First of all, the SHA256 context includes multiple parameters. In this solution, two of these are relevant: The state which somehow represents the "progress" of the SHA256 algorithm. The final state is actually the SHA256 hash sum. And the seconds parameter is the overall message length in bits, that will be set at the end of the padding.
Furthermore, SHA256 always uses padding what means, another sequence of bytes p is implicitly added to the input data before calculating the final hash and depends on the actual input value. So lets say SHA256(x) = mySHA256(x || p(x)) assuming that mySHA256 is not using padding.
When the given HMAC h has been generated using h = SHA256(k || m) = mySHA256(k || m || p) where k was the secret key and m was the message, h represented the final state of the SHA256 context. Additionally, we have an implicit padding p that depends on k || m. Hereby, p is not rather dependend on len(k) and not k itself, what means that we can calculate p without knowing the key but it's length.
As my target will only accept my modified message m' = m + a when I deliver a correct HMAC h' = SHA256(k || m'), I need to focus on that point now. By knowing the original HMAC h, I can set the state of the SHA256 context corresponding to h. As I know the message m as well, and I know that the overall message length in bits is (len(k) + len(m) + len(p)) * 8, my overall message length is just depending on len(k) (not k!) because len(p) only depends on len(k) and len(m). I will iterate through a range of len(k), like 1 - 64. In each iteration step, I can just insert my value for len(k). So it is possible to set the overall message length (the second parameter of my SHA256 context), too.
When iterating through all key lengths, there will be one value that represents the length of the key that has actually been used. In that case, I have a SHA256 context that exactly equals the context of the original calculation. We can now add our arbitrary data a to the hash calculation and create another HMAC h' that does depend on the key k without knowing it. h' = SHA256(k || m || p || a)
But now, we have to ensure that this HMAC h' equal to that one, the target calculates using our message m'.
Therefore, we add our padding p to the end of original message m followed by our arbitrary message a. Finally we have m' = m || p || a.

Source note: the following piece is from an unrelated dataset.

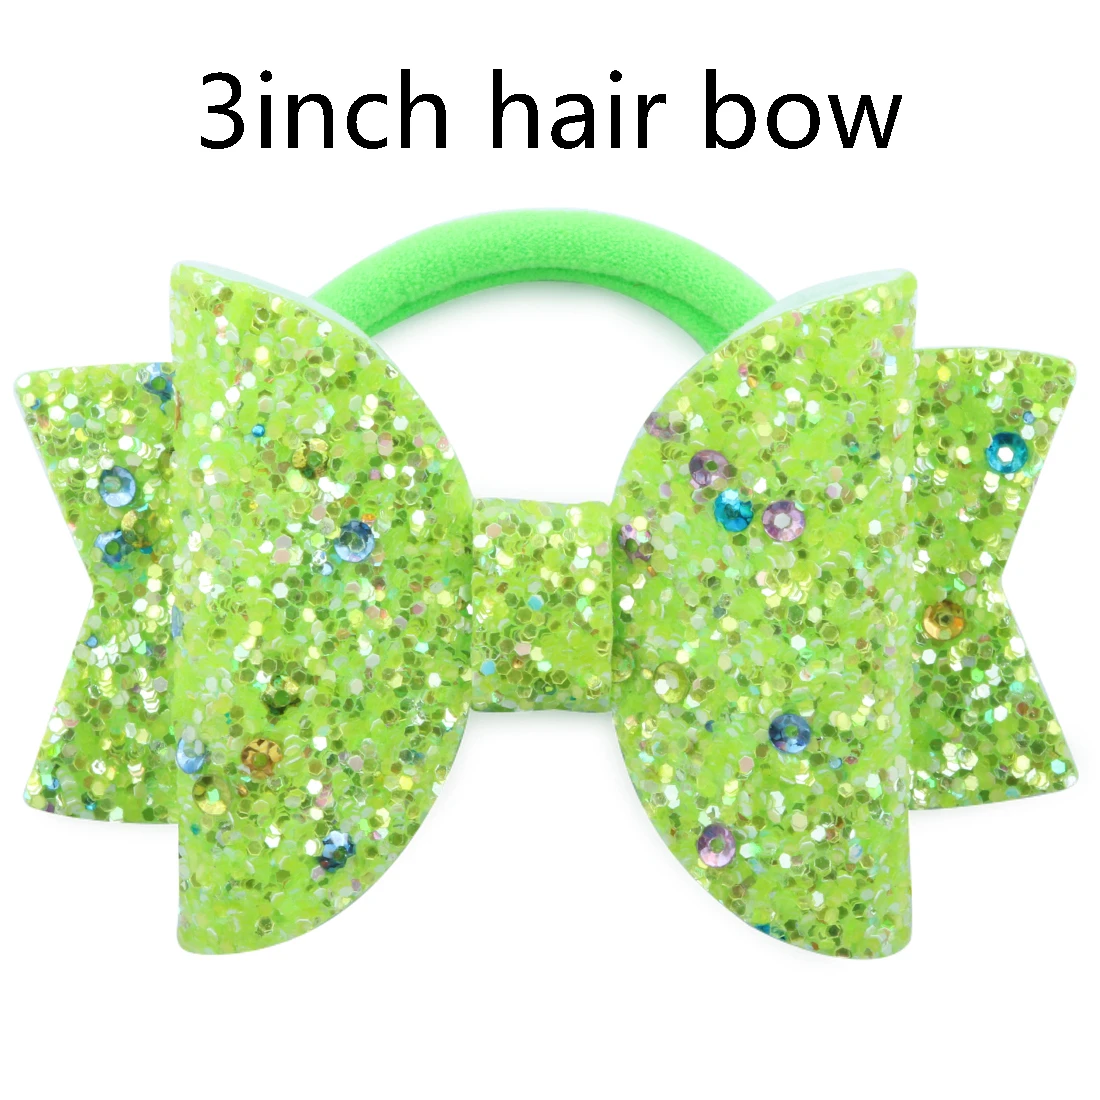 1 PC Child Hair Bow Tie Elastic Hair Band Glitter Hairbow Rope Rainbow Sequin Sparkly 3 Inch Bows Mermaid Girls Sweet Headwear - Цвет: 3inch sequin bow-7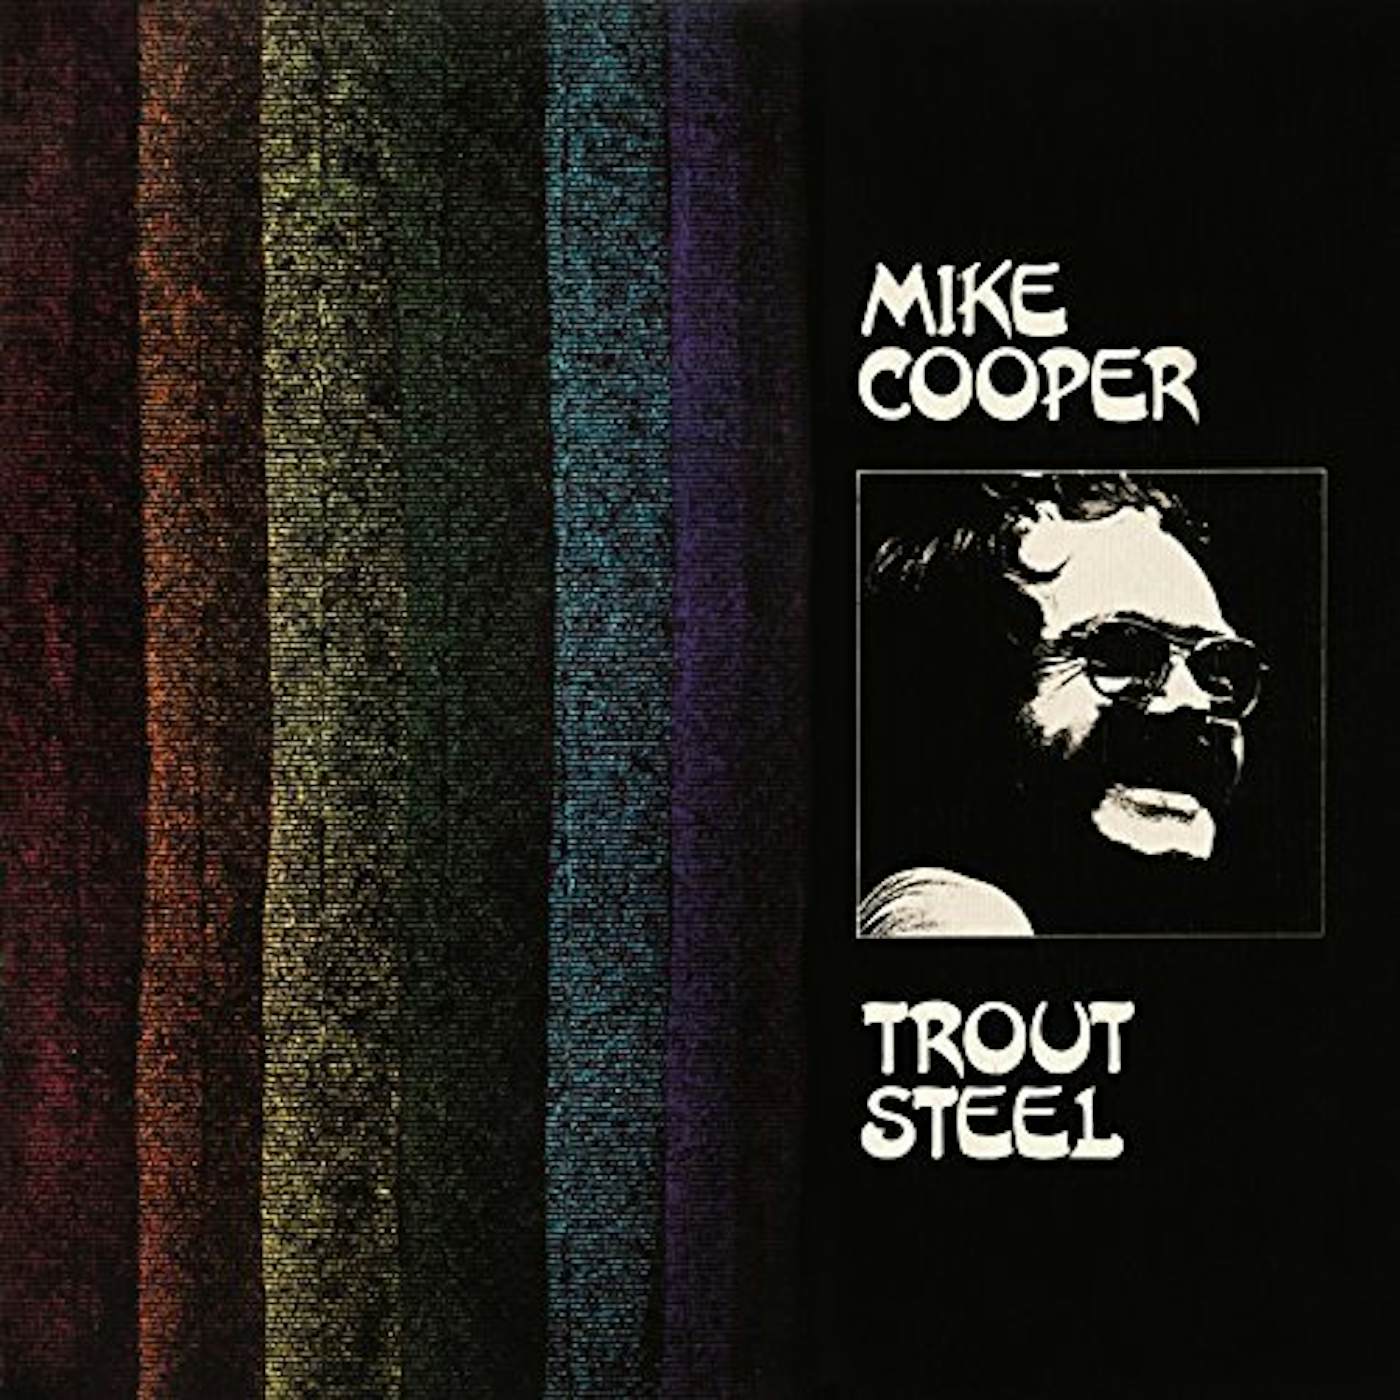 Mike Cooper Trout Steel Vinyl Record

As the target knows the secret key in order to validate the input data, it can easily calculate SHA256(k || m') = SHA256(k || m || p || a)* and oooops! Indeed that is the same hash sum as our HMAC h' that we calculated without knowing the secret key k
Result:
We can not add a fully arbitrary message, but a message that is fully arbitrary after the padding. As the padding is mostly filled with Null-Bytes, that can disturb our attack, but that depends on each case. In my case, the Null-Bytes were ignored and I just had one artifact from the overall message length displayed before my inserted message.